The idea behind asset forfeiture is to deprive criminals of property used to commit crimes and the money they make by breaking the law. Think of a coke kingpin with several houses, a yacht, a few helicopters, lots of guns and ammo, as well as a fleet of fancy cars.

When he’s busted, the empire that cocaine built is taken from him, liquidated and put toward paying for the expense that went into bringing him down. Fair enough, right?

When it comes to drug kingpins, asset forfeiture seems just and reasonable. But every law has unintended consequences. Prior to 2002, the state’s asset forfeiture law too often resulted in property and cash being taken from innocent men and women — people who either hadn’t committed a crime or who were arrested but later acquitted. Further, the law gave law-enforcement officers a financial incentive to see every arrest as a potential opportunity for profit.

Consider the single mom who loaned her car to her cousin — only to lose it after the police pulled her cousin over and discovered marijuana seeds and a wad of cash hidden in the vehicle. It didn’t matter that the car didn’t belong to the cousin or that the woman was innocent or that losing the car was a major financial blow to her. The police sold the vehicle and pocketed the cash.

Then there was the disabled man who, prior to the state’s medical marijuana law, was busted for growing a couple of pot plants in his house. He wasn’t a dealer; he didn’t sell dope to school kids. Instead, he used marijuana to control his chronic pain. The police checked county records and saw that he’d paid off his mortgage with settlement money from the accident that deprived him of his mobility. After discovering how much money was tied up in his house, they started forfeiture proceedings, depriving a man with no job and no ability to work of his home at great profit to their agency.
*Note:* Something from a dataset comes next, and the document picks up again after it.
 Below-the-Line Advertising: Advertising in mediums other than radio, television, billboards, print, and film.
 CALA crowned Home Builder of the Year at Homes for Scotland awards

And what about the Mexican worker who came here legally to help build Denver International Airport? He bought a ticket home and boarded a plane with $15,000 in hard-earned cash. Police searched him and found the cash. They discovered no drugs on him or in his luggage. Nor did they find any evidence that the money came from the commission of a crime. But because a drug-sniffing dog reacted to the money, they decided to keep it, even though studies have shown that 99 percent of bills in circulation are tainted with the scent of illegal drugs. After the man hired an attorney, he got 40 percent of his wages back, but the cops kept the other 60 percent because they could.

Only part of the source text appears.